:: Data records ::
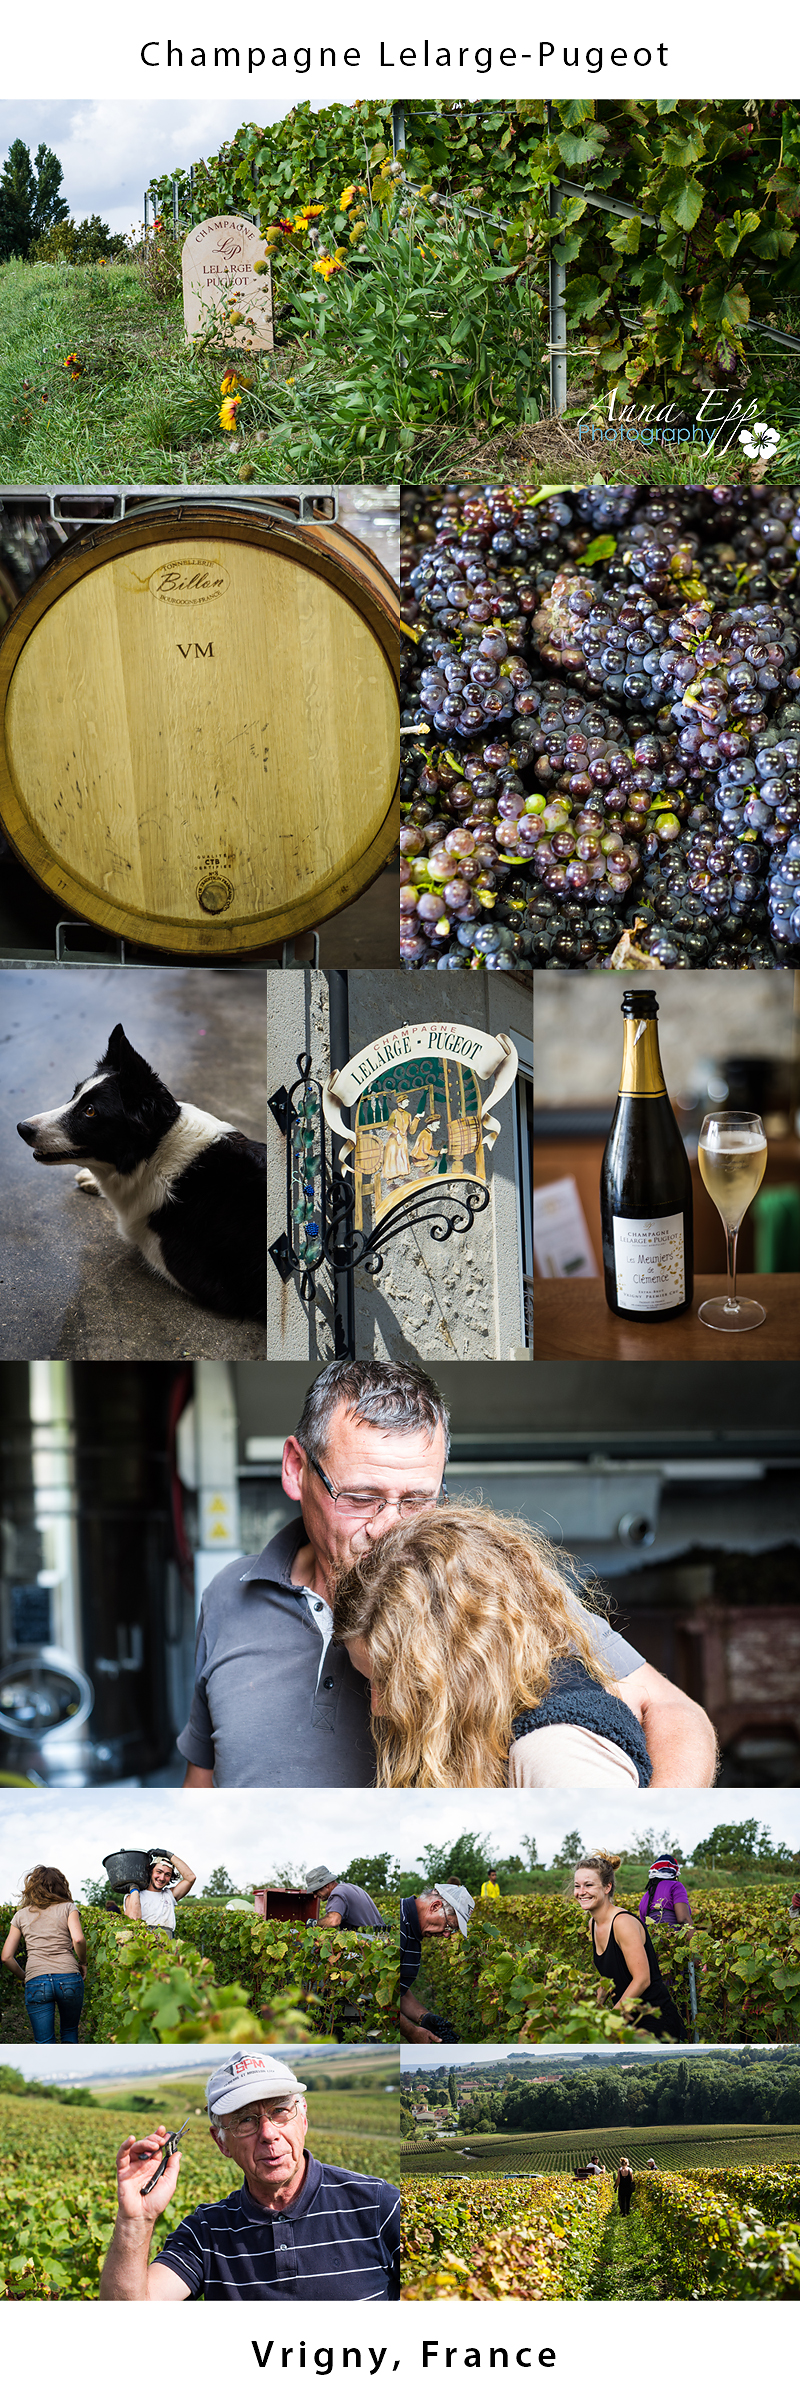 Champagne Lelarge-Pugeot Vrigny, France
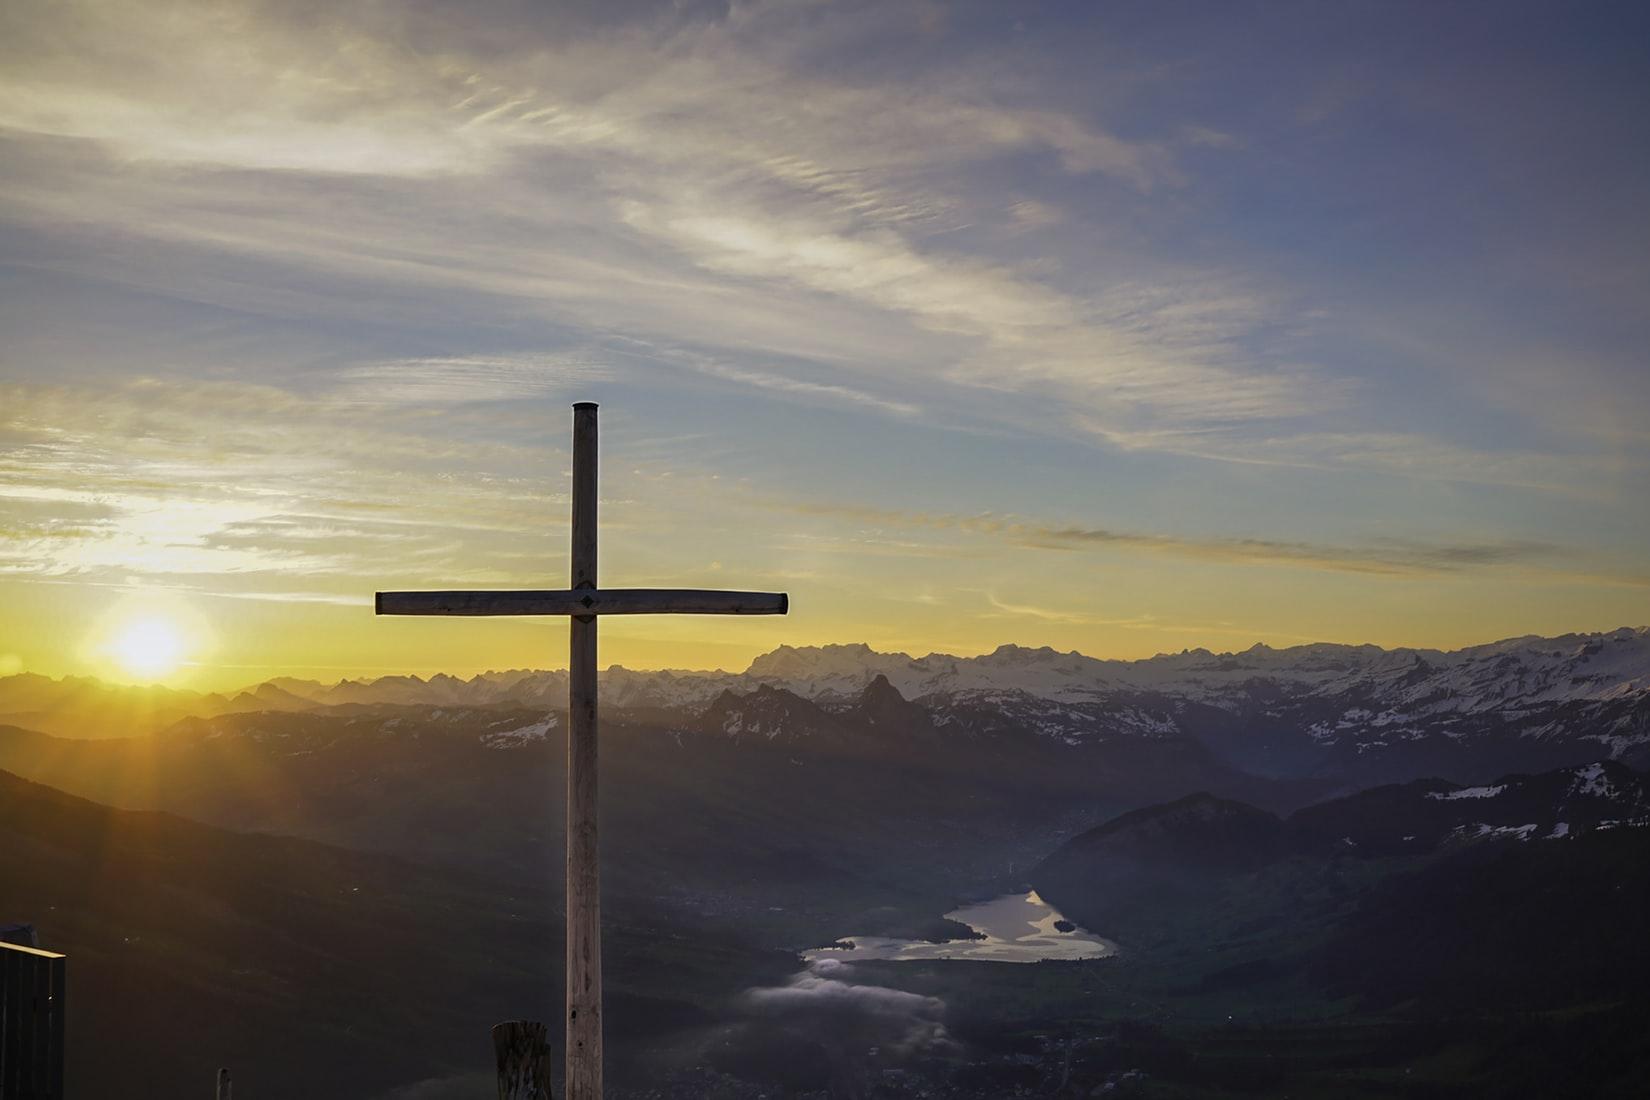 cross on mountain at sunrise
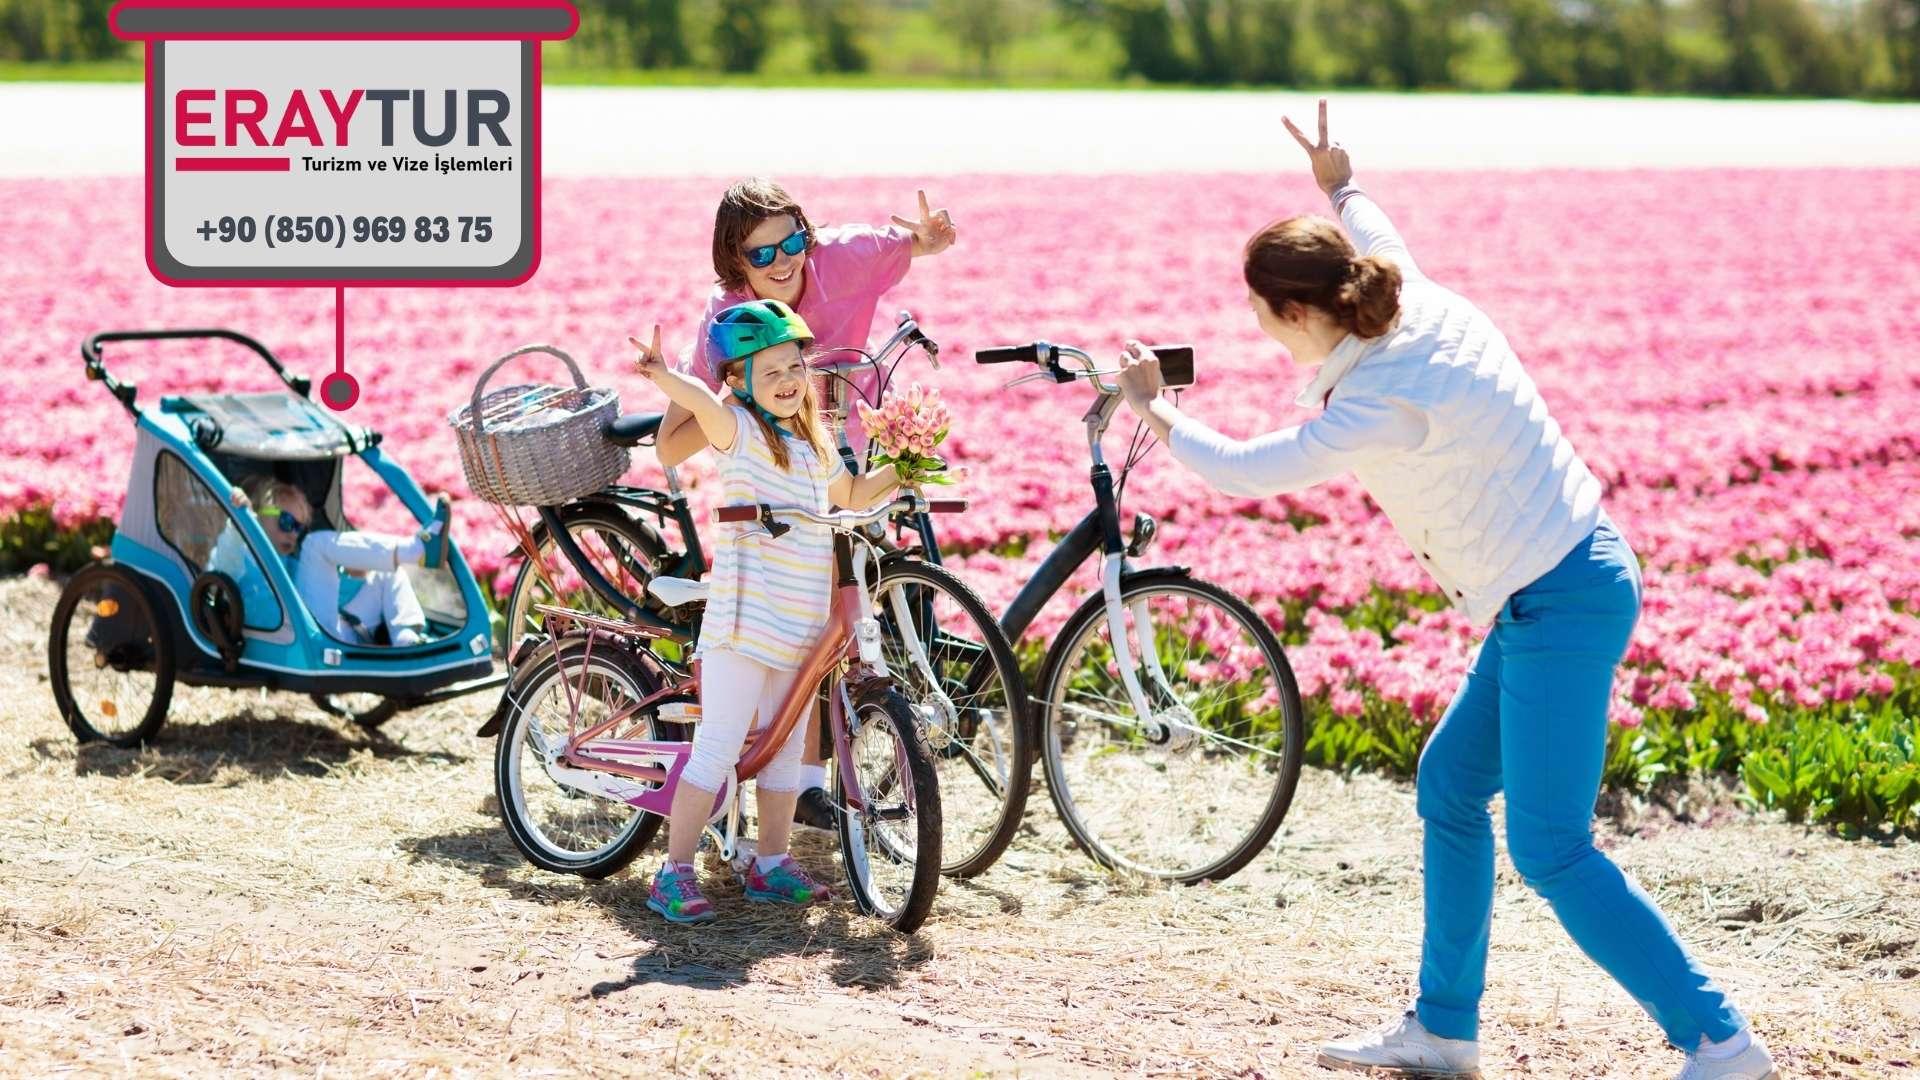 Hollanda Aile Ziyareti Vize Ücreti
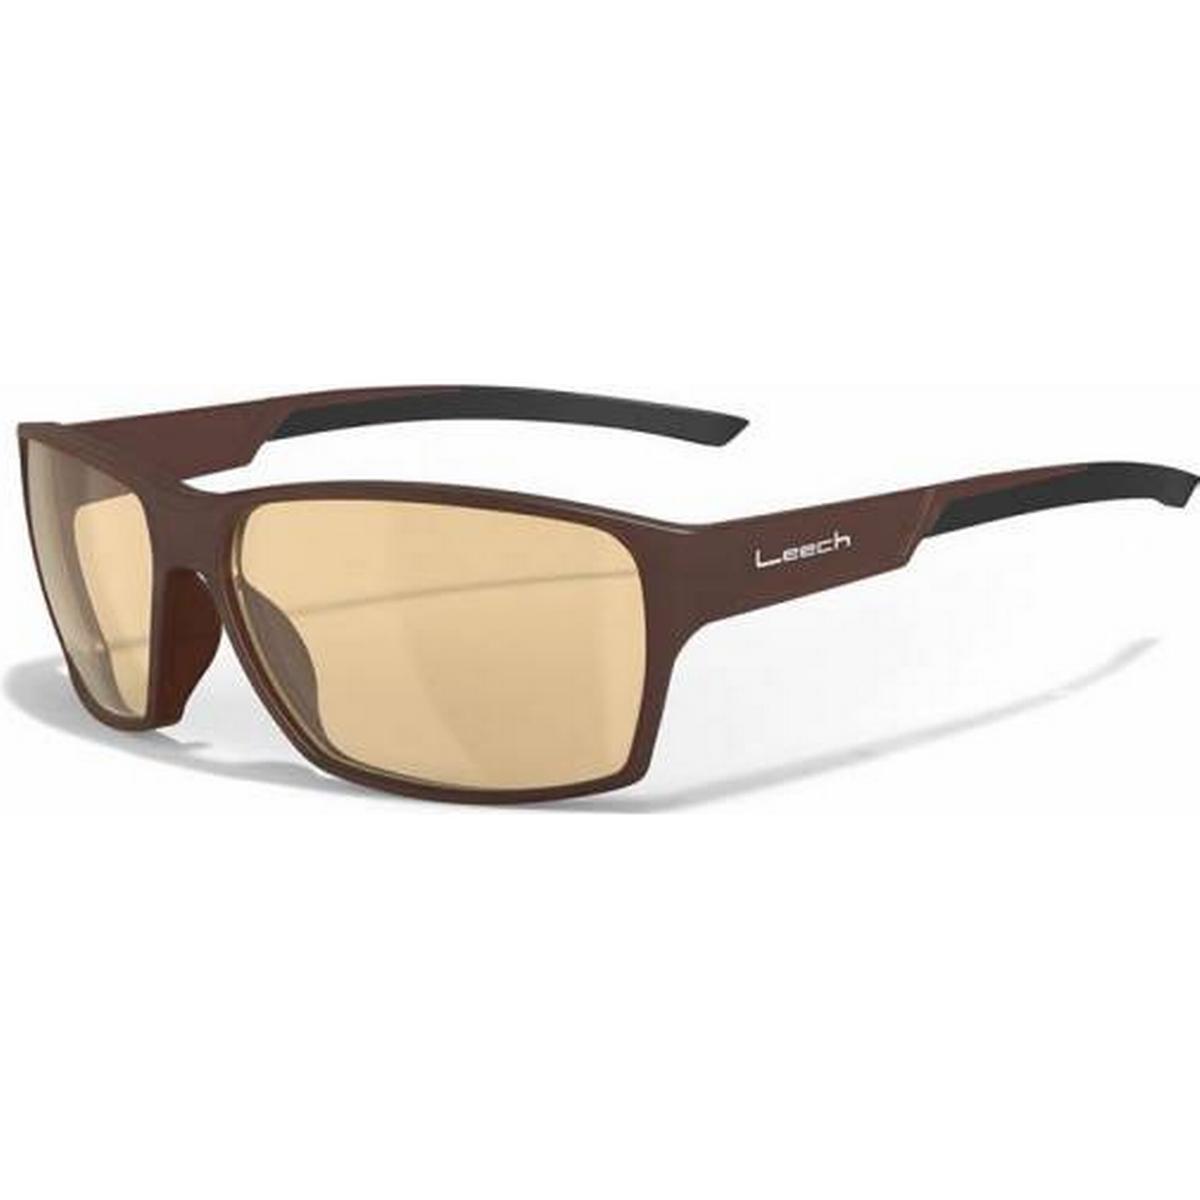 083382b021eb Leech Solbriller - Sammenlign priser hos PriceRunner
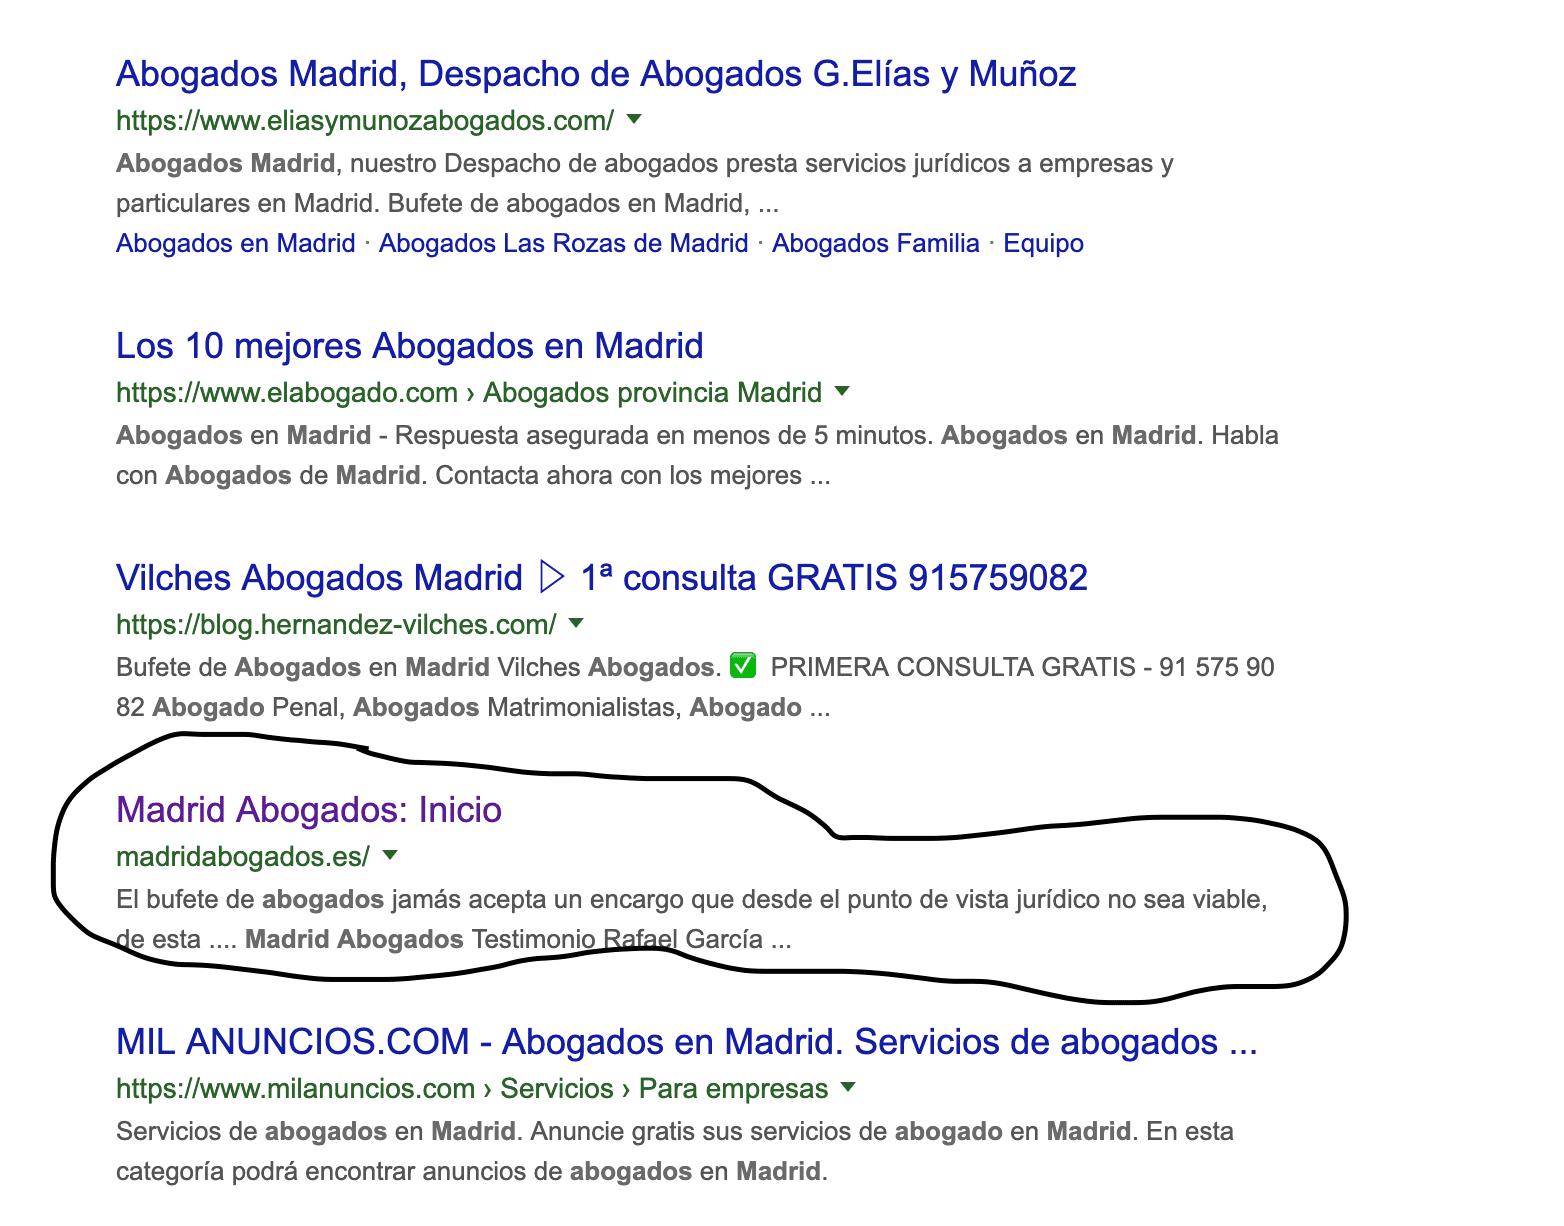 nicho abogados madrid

:: TASK GOAL ::
Set down every entry above exactly as written. Leave out all pictures.

:: THE COMPLETED TASK ::
 Champagne Lelarge-Pugeot Vrigny, France
 cross on mountain at sunrise
 Hollanda Aile Ziyareti Vize Ücreti
 083382b021eb Leech Solbriller - Sammenlign priser hos PriceRunner
 nicho abogados madrid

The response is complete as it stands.